My 7-year-old daughter discovered the connection between work and money this weekend and she went all in finding things she could get paid to do.
We’re a family that talks openly about our finances. Our kids know how much our house is worth – as if Zillow doesn’t tell everyone anyway – and how much our cars cost (and why we’re perfectly content to have both of them paid off).
We talk about the decisions we make when it comes to spending on things we need and things we want.
And more than anything we do our best to connect labor and earning with the financial decisions we make.
What she can earn money for doing is different from what she and her sisters are expected to do around the house.

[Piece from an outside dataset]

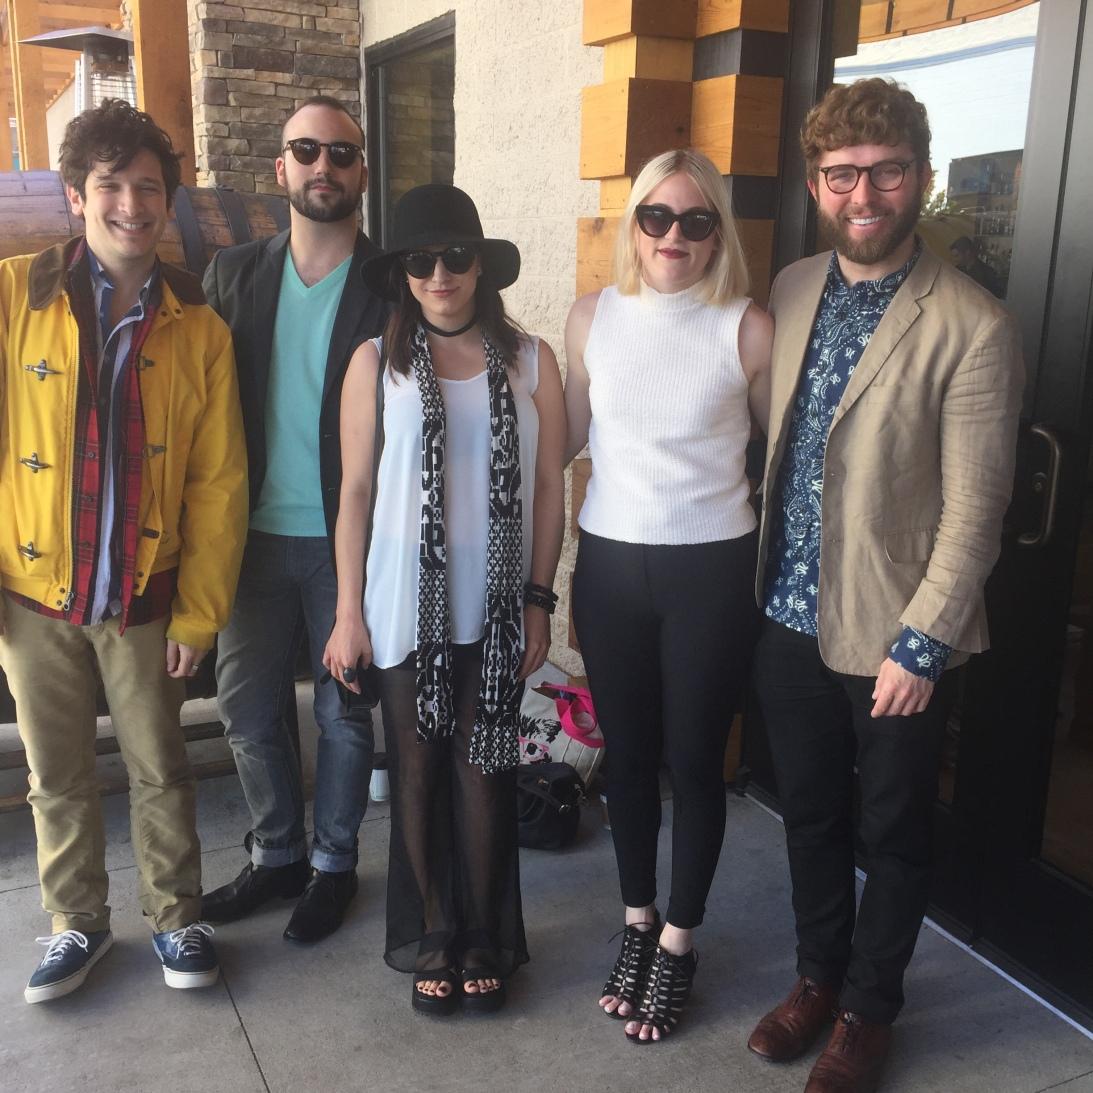 Jeff, Robby, Marisa, WC, Timo

They have obligations, just as my wife and I do, to do things around the house – feeding dogs and picking up after them, putting their clothes away, cleaning their room, etc. They don’t get paid to do that.
Their allowance – $1 for each year, so the 7-year-old gets $7 a week – is meant to teach them how to save, spend and be charitable with their money. This wasn’t my idea. This came directly from my friend Ron Lieber and his excellent kids and money book, The Opposite of Spoiled. I also got help from Susan Beacham, who created The Money Savvy Pig, a super-visual way to divide up the money you get into different uses.
But earning money, that was the spark that went off this weekend.
What drove it? A doll she wanted that we weren’t going to buy.
But once she started earning, she didn’t want to stop.
After making her own bed – no money for that – she made our bed, smoothing out the duvet and putting all the pillows in order. She earned $3.
She washed a bunch of water bottles that I didn’t want to wash and earned $2.
She negotiated with her middle sister to make her bed and now that sister is paying her $6 of her own money for the week.
She even cleaned up the doll room, which was a true mess that we had ignored by closing the door. That earned her $10. (Now, technically she should have done the last one for free as part of being a member of the family, but none of us wanted to do it and we’d all let it get a bit out of hand.)
What did she learn? She learned the connection between working and earning, for sure. But she also learned to negotiate and stand her ground. If the price wasn’t right, she held out until we came up. She also learned the opposite: that sometimes people talk you down, as when she asked for $20 to make our bed!
Best of all for me: she was self-motivated. We weren’t giving her tasks to do; she was finding them and coming to use with her offer.
How do you talk to your kids about earning money?